It has to do with the pain of orthodontics haunting me orally and also I had a really bad thing in my teeth last year. I had a terrible fruit fly infestation, which crippled me socially, as I could not entertain anyone while I was hosting literally millions of adult flies and larvae. I slapped flies on my arm and would actually catch two of them, in the middle of fly sex, one inseminating the other as they flew slow and heavy in the air above me, their flight path slowed by the intimacy of the act. One fly managed to swoop into my nostril and down into my lungs and I could do nothing but inhale it further to stop feeling it bang against my throat.



I felt something in my teeth, but I didn’t have time to brush and floss so I left it. I thought, I will take care of this in a little while. I don’t need to deal with this now. I felt the little thing there, but I didn’t do anything. The particle dislodged itself and floated around my mouth for a time, but then went back into the space between my teeth. I felt it and finally I caught it with my tongue and put it on my finger for a brief inspection, one of those quick checks where you deduce what it is before swallowing it. It was a fruit fly.



Swim

Wednesday, May 16th, 2012

The hour that gives me the most difficulty is 2pm.

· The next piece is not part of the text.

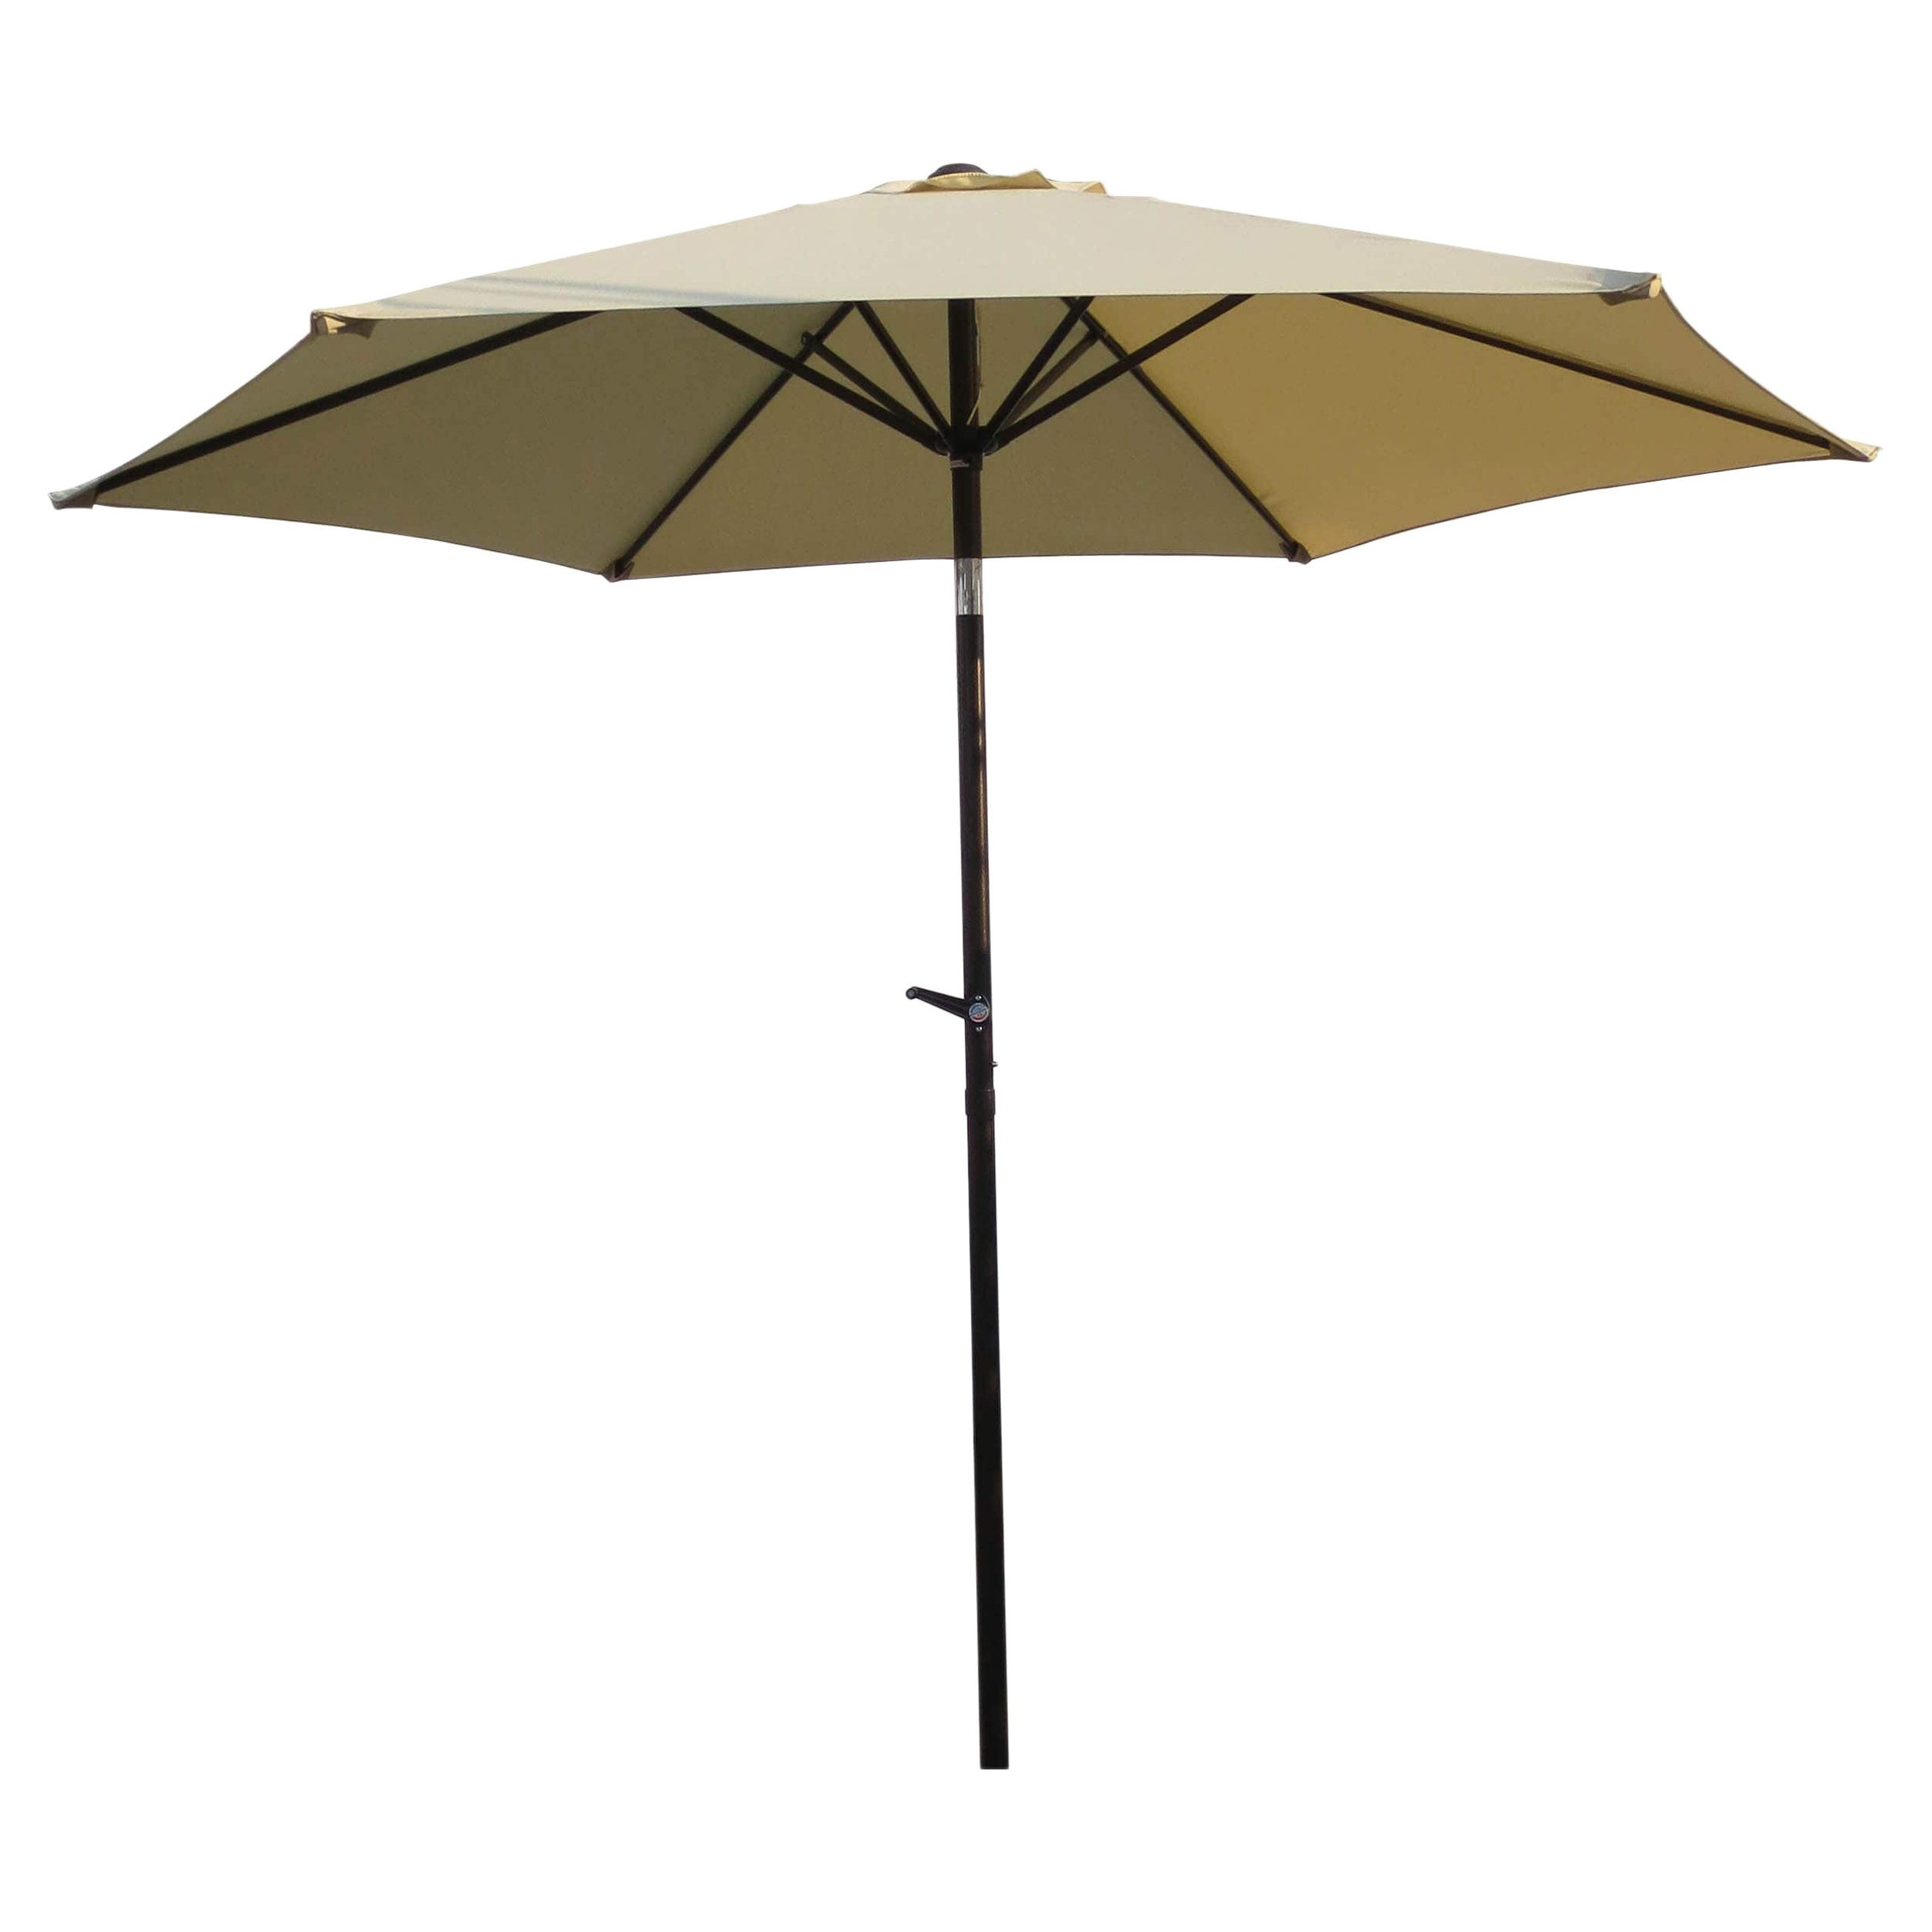 2019 Frome Market Umbrellas In Patio Umbrella 8 Foot (View 20 of 20)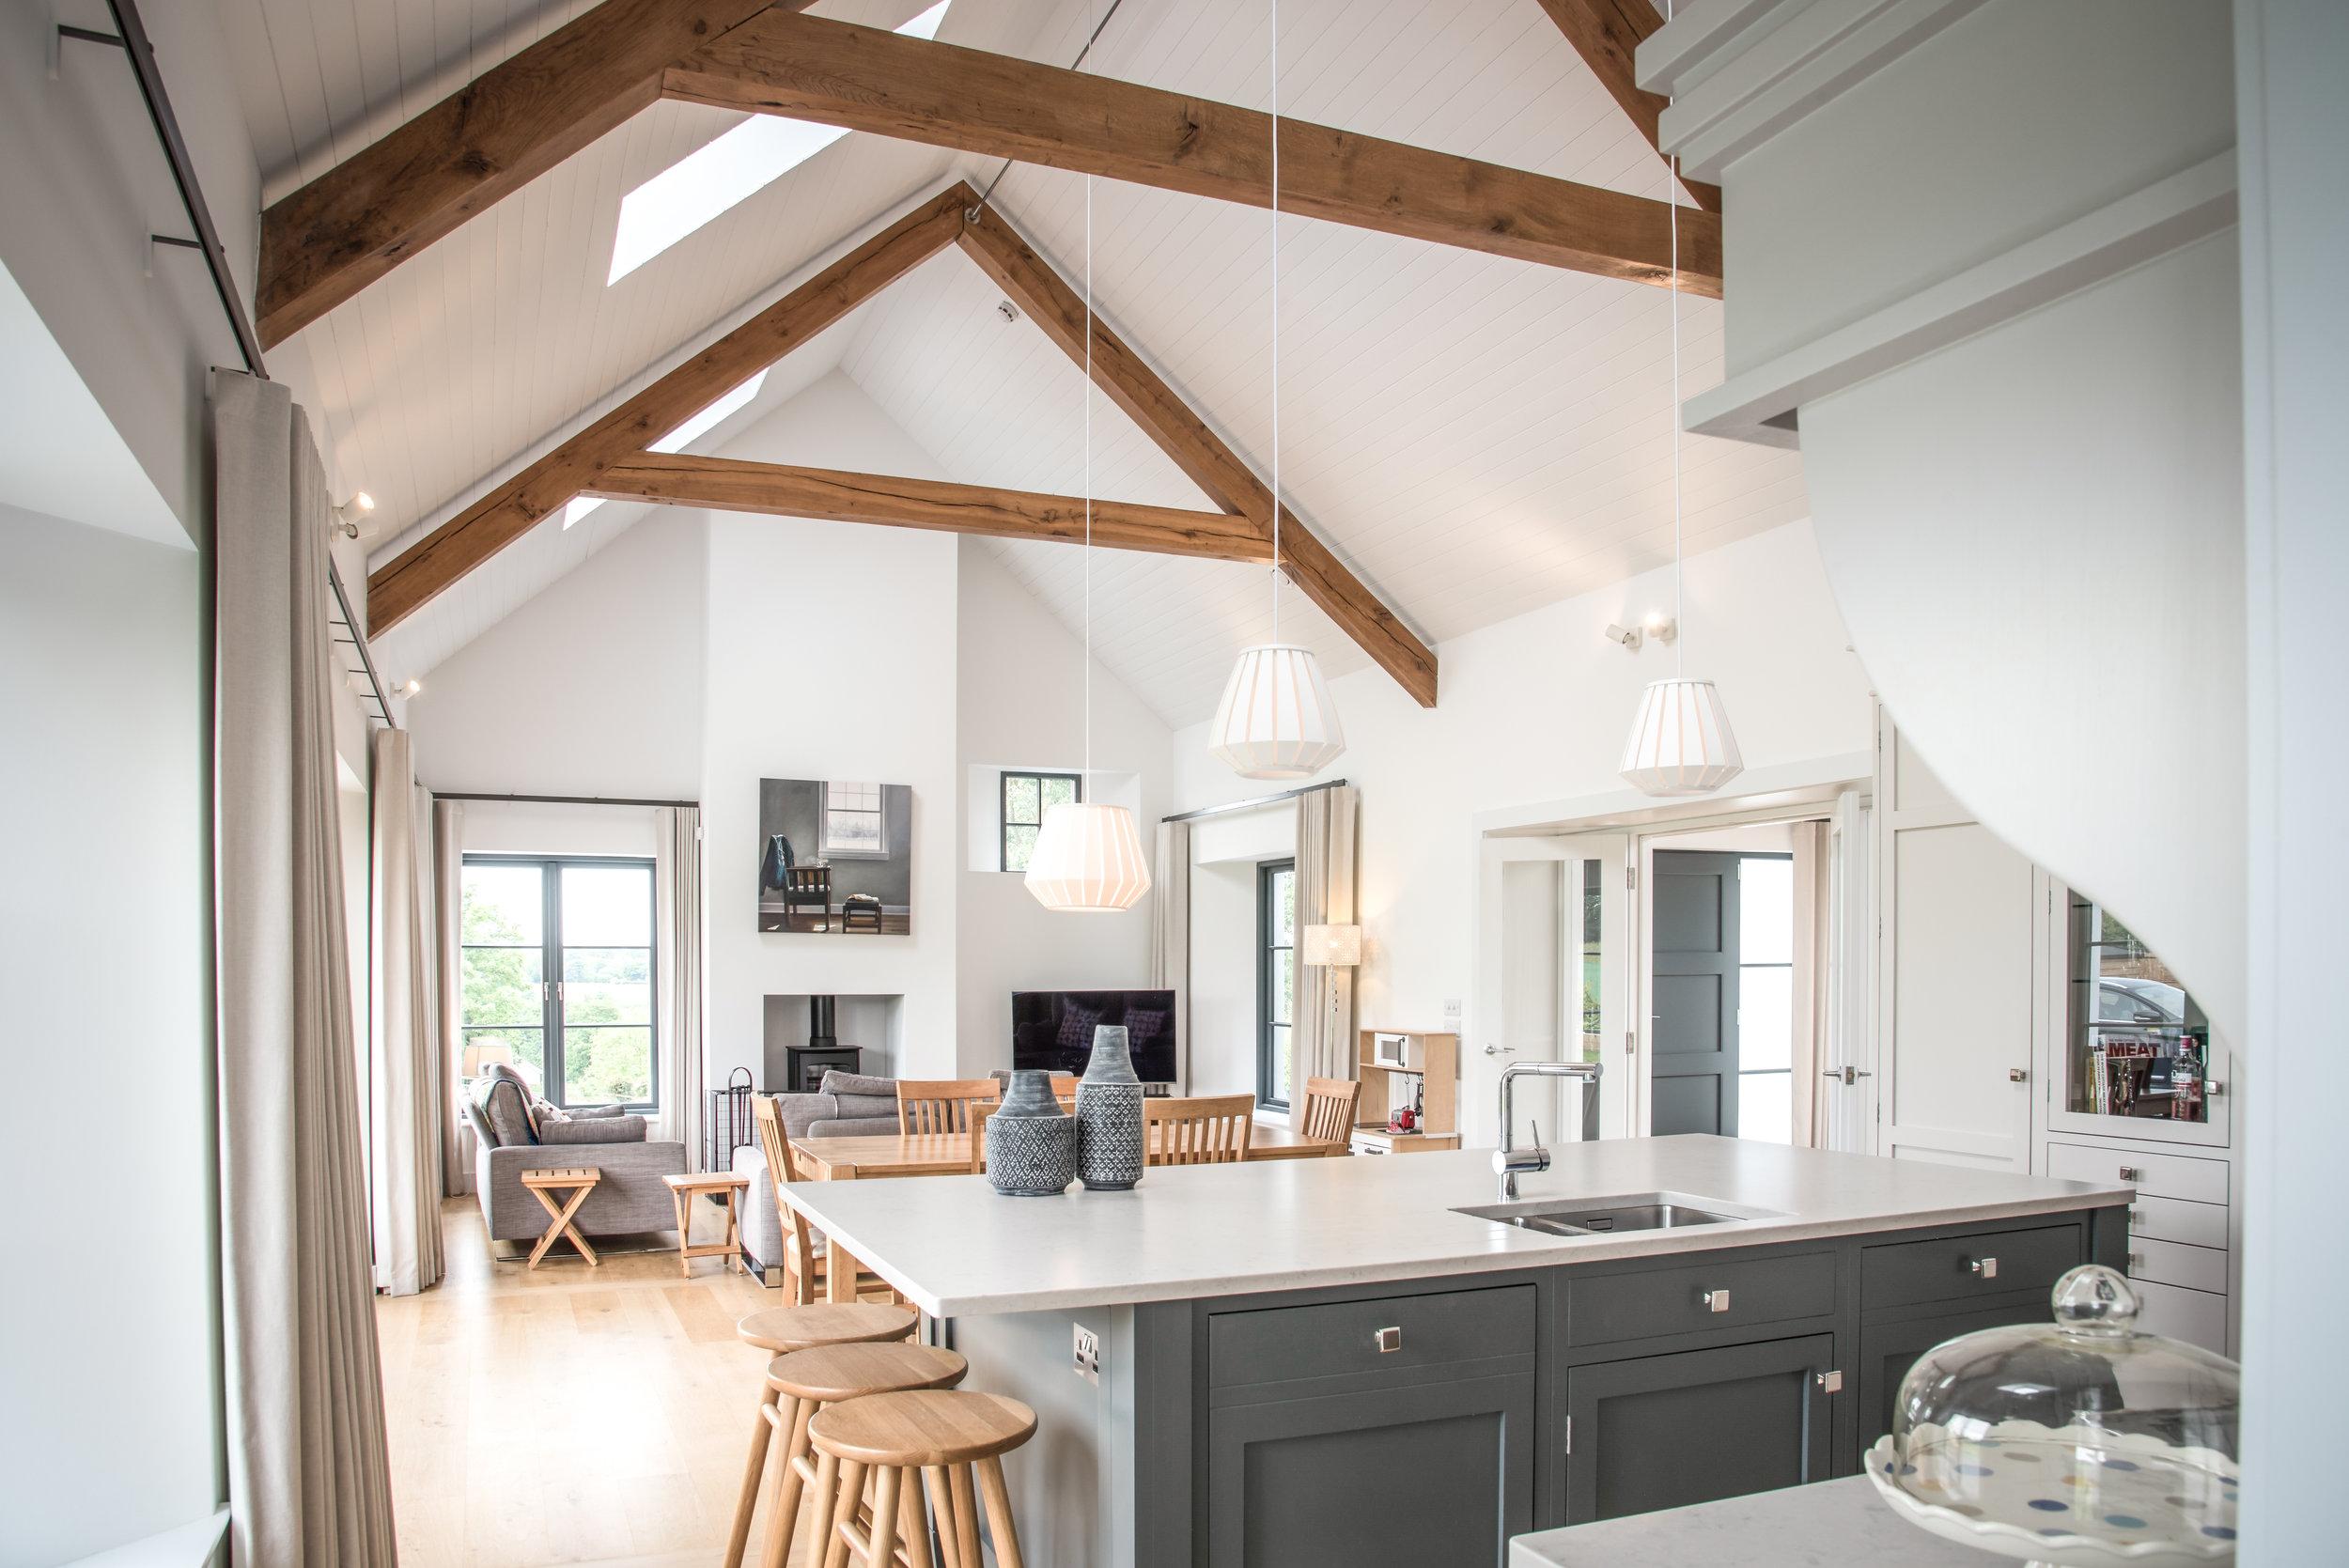 Paul_McAlister_Architects_kitchen_scene-1.jpg

I am good in the mornings. The sunrise is ever hopeful, the strange way you can tell light is new, the way it comes at you, shy through the trees. Yes I love mornings, because it’s another chance, you get another stab at it, whatever it is. Nothing bad has occurred really in the early hours to scar me forever or make me hate mornings, not yet anyway. I usually have slept well and I am prepared. I look forward to the coming day, and maybe fondly backward at the night before. The day begins and there’s an optimism that I associate with waking, a half full glass I anticipate and drink down all the way in one gulp like freshly squeezed orange juice with some sparkling water mixed in. AM is citrusy and bubbly and just squirted from the fruit and that is glorious and makes my mouth water. It’s the best, the opening credits of the movie. Nothing has happened yet and I am ready for it to. I am glad for it to.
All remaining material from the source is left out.